The words to the song are:

Spanish:

"A la víbora, víbora

de la mar, de la mar

por aquí pueden pasar.

Los de adelante corren mucho

y los de atrás se quedarán

tras, tras, tras, tras.

Una mexicana que fruta vendía

ciruela, chabacano, melón o sandía.

Verbena, verbena, jardín de matatena.

Verbena, verbena, la virgen de la cueva.

Campanita de oro déjame pasar,

Con todos mis hijos menos el de atrás

Tras, tras, tras, tras.

Será melón, será sandía

será la vieja del otro día

día, día, día, día.

El puente está quebrado,

que lo manden componer

Con cáscaras de huevo

y pedazos de oropel

pel, pel, pel, pel."

English Translation:

 "To the snake, the snake

 Of the sea, of the sea

 All of you can pass through here,

 Those up front run quickly

 Those at back are left behind

 'hind, 'hind, 'hind, 'hind.

 One Mexican (woman), who sold fruits

 Plums, apricots, cantaloupes or watermelons

 Verbena, verbena, garden of jacks

 Verbena, verbena, the virgin of the cave

 Little golden bell, let me pass

 With all my children, except the one that's last

 Last, last, last, last.

 Will it be cantaloupe? Will it be watermelon?

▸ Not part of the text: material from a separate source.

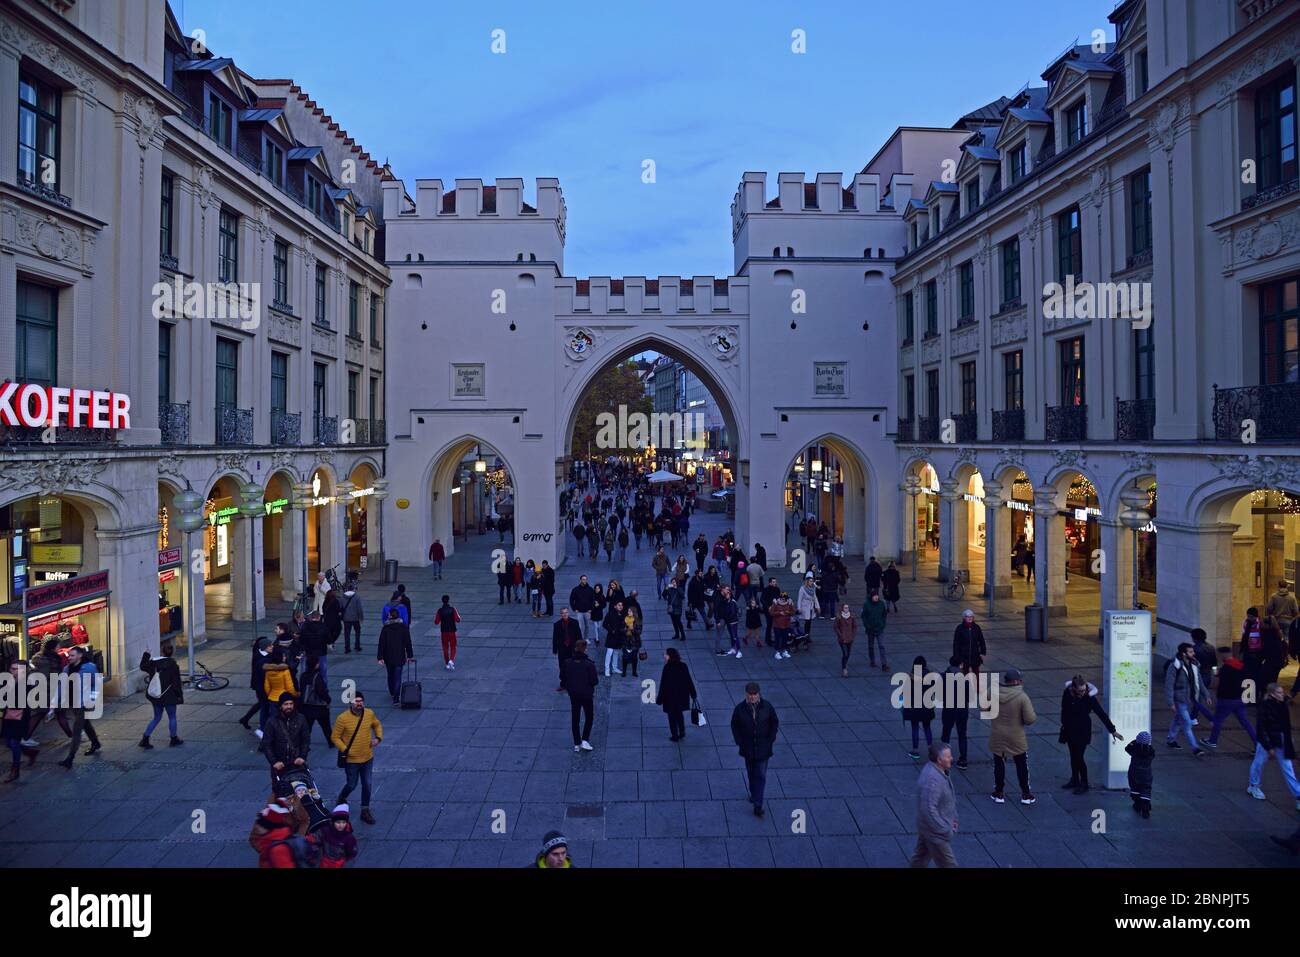 Europe, Germany, Bavaria, Munich, City, Stachus, Karlstor, view into Neuhauser Strasse, shopping mile, evening, many passers-by Stock Photo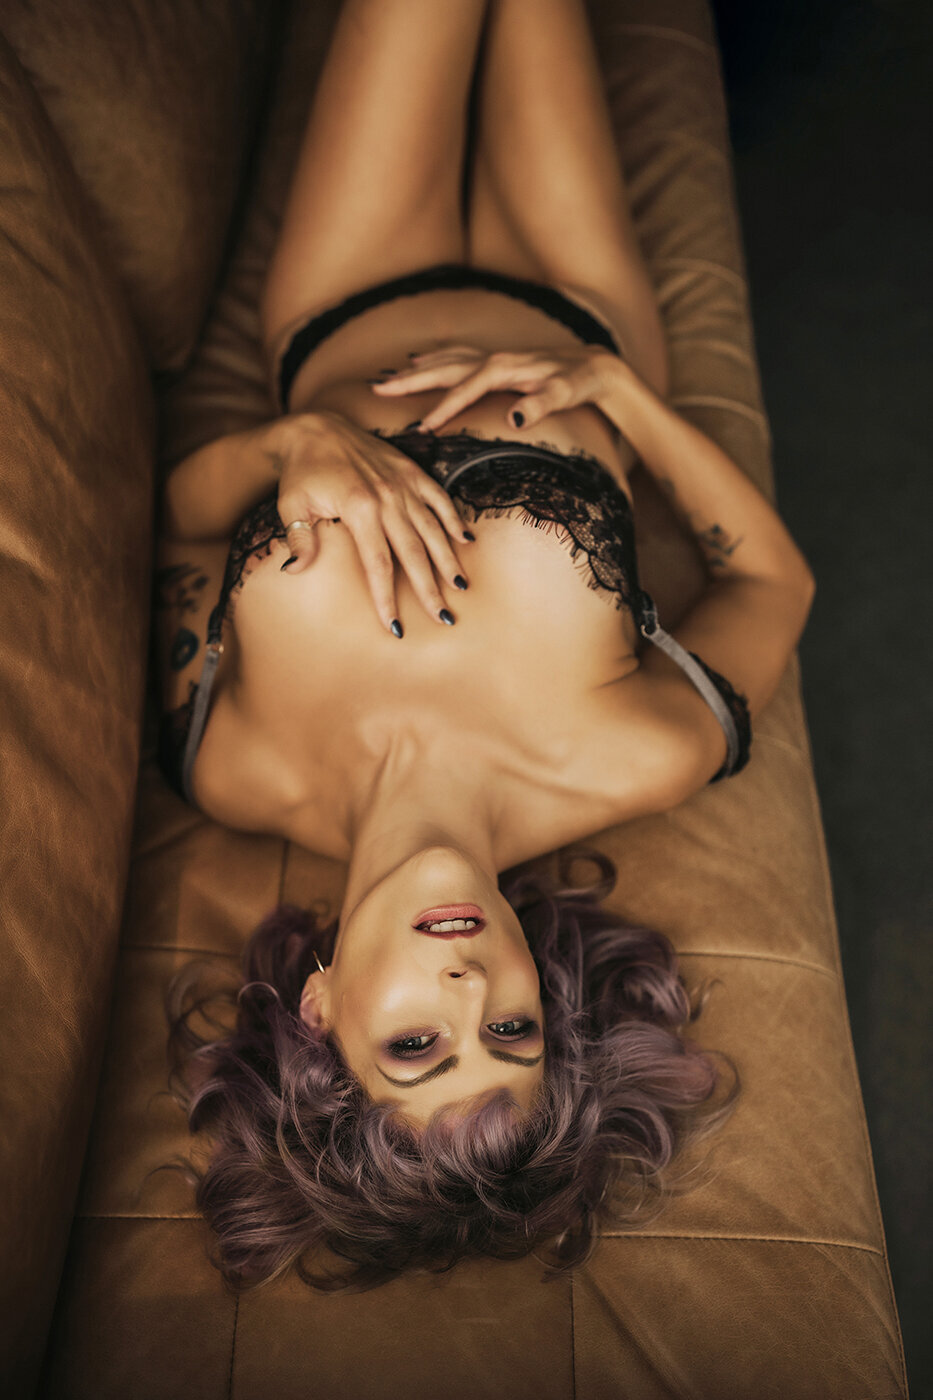 woman with purple hair lying on couch doing boudoir posing

 Will it be the old lady we saw the other day?

 Day, day, day, day.

 The bridge is broken

 Send someone to have it fixed

 With broken bits of eggshells

 And pieces of aluminum foil

 Foil, foil, foil, foil".

==Variations==

In Mexico, it has become quite popular to play this game at weddings. In this variation, single men and women are often divided, the groom and bride standing on chairs to form the arch under which everyone passes. (The groom often uses the veil or train of the bride's dress). In this case, the song is not sung, and the rhythm of music is followed, which gets faster and faster, the participants struggling to keep the "snake" together, while running through tables, chairs and the couple. At the end of the game, depending on the sex of the participants, the bride throws from her chair the wedding bouquet, and the groom the garter. The bouquet used to be a symbol of happiness, but in today's practice the single woman who catches the bouquet is believed to be the next to marry. Same goes to the single man who catches the garter. In some instances, it is said that they will marry each other.

In Spain the game is known as "pasemisí".

==Similar games in other traditions==
Similar games such as these exist in other traditions as well. This game can be likened to "London Bridge is Falling Down" in English-speaking countries, and a similar game in Japan exists, played to a song called Toryanse.